Run using:
make && cargo run --release --example test_mesh_shader -- <ply_file_name>
Example when run with the dragon model from The Stanford 3D Scanning Repository as <ply_file_name>
.
The clustering code is extremely minimal: just grows clusters using adjacent triangles until the maximum number of vertices of triangles is reached. If there is no adjacent triangle then the next triangle in the mesh is added. A better clustering algorithm would score candidate triangles according to how they affect the position and normal bounds of the cluster.
To draw the mesh using clusters, the VK_NV_mesh_shader
extension is required. This makes use of:
- A task shader to backface cull clusters that fully face away from the viewer
- A mesh shader that emits all triangles in the cluster for rasterization (no addition culling)
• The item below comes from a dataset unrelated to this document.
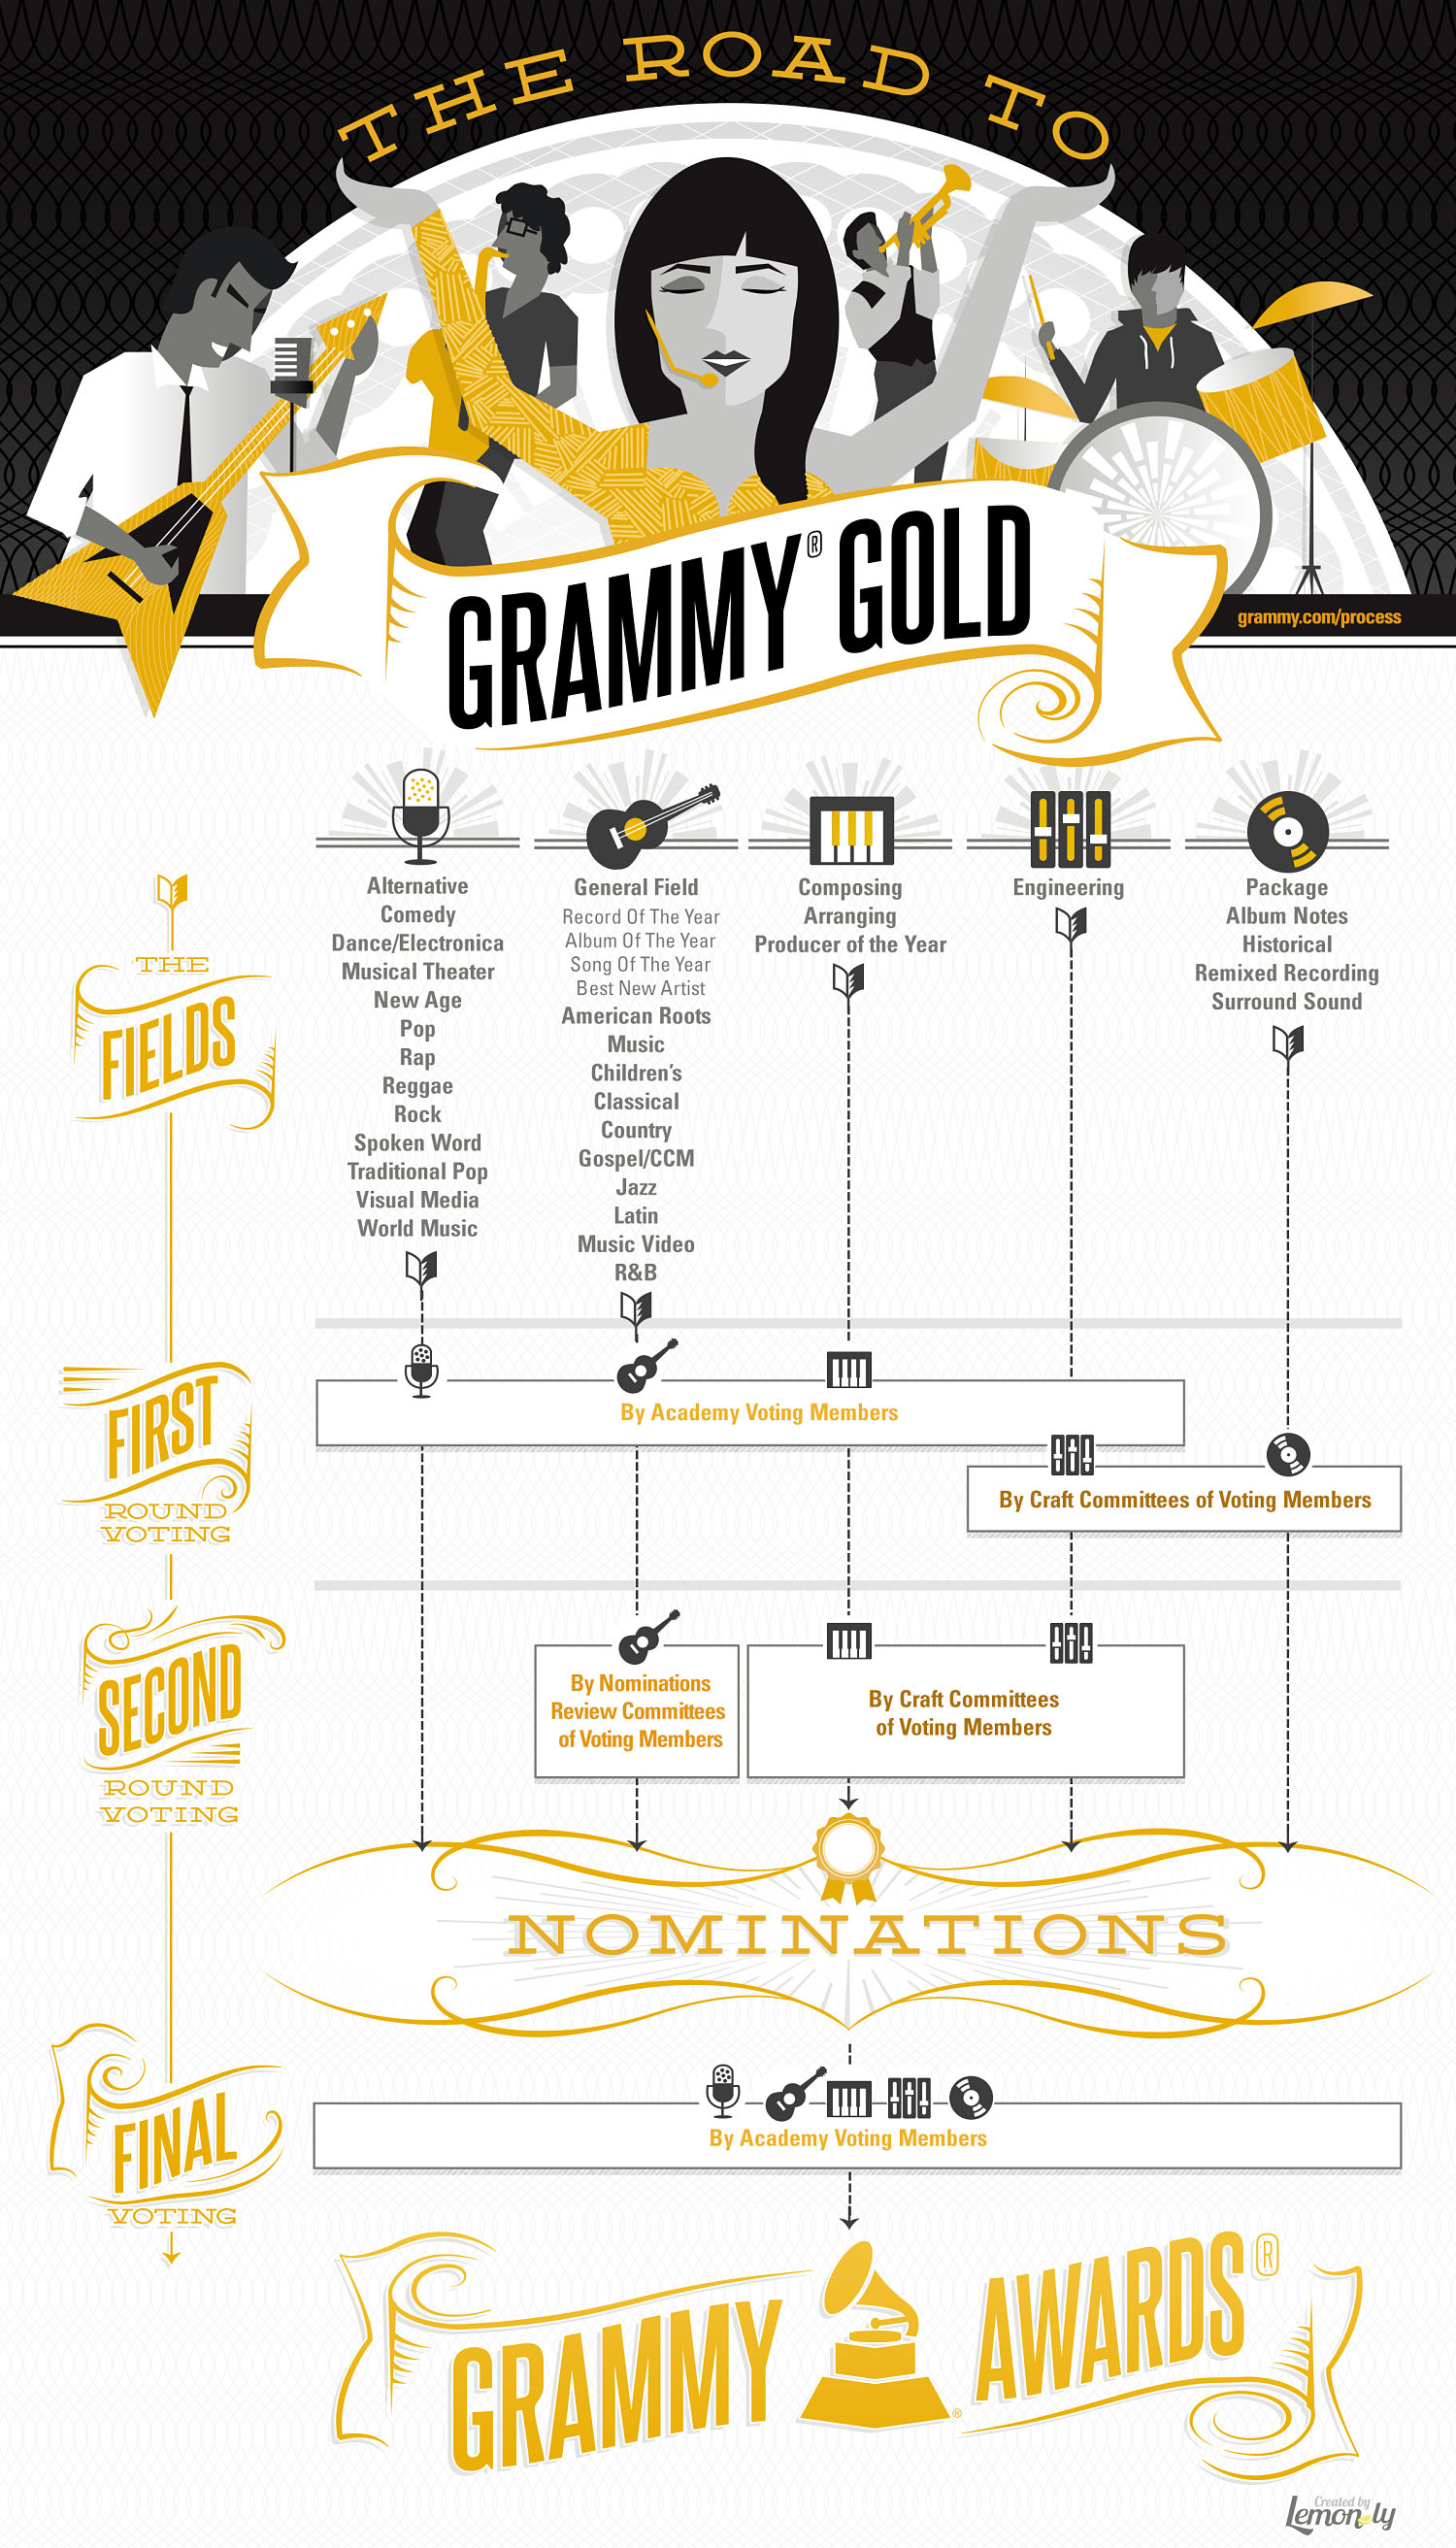 The Road To GRAMMY Gold: GRAMMY Awards Voting Process

The task shader makes use of GL_KHR_shader_subgroup_ballot
to efficiently emit only the surviving clusters to the mesh stage. To achieve this, the task shader runs as a single subgroup, which seemed to require the following steps:
- When writing the GLSL code for the task shader:
- Add a specialization constant to represent the subgroup size
- Use
layout(local_size_x_id = <id>)
to make the workgroup size defined by the constant - Write the task shader with a single
subgroupBallotExclusiveBitCount
to pack outputs
- At application start:
- Load the
VK_EXT_subgroup_size_control
extension - Check
VkPhysicalDeviceSubgroupSizeControlPropertiesEXT
for the subgroup size ranges
- Load the
- When specifying the task shader stage for the pipeline:
- Set the specialization constant to the desired subgroup size
- Specify the subgroup size using
VkPipelineShaderStageRequiredSubgroupSizeCreateInfoEXT
- Additionally specify a
VkPipelineShaderStageCreateFlags
ofREQUIRE_FULL_SUBGROUPS_EXT
This results in a subgroup size of 32 (as expected) on a RTX 2060.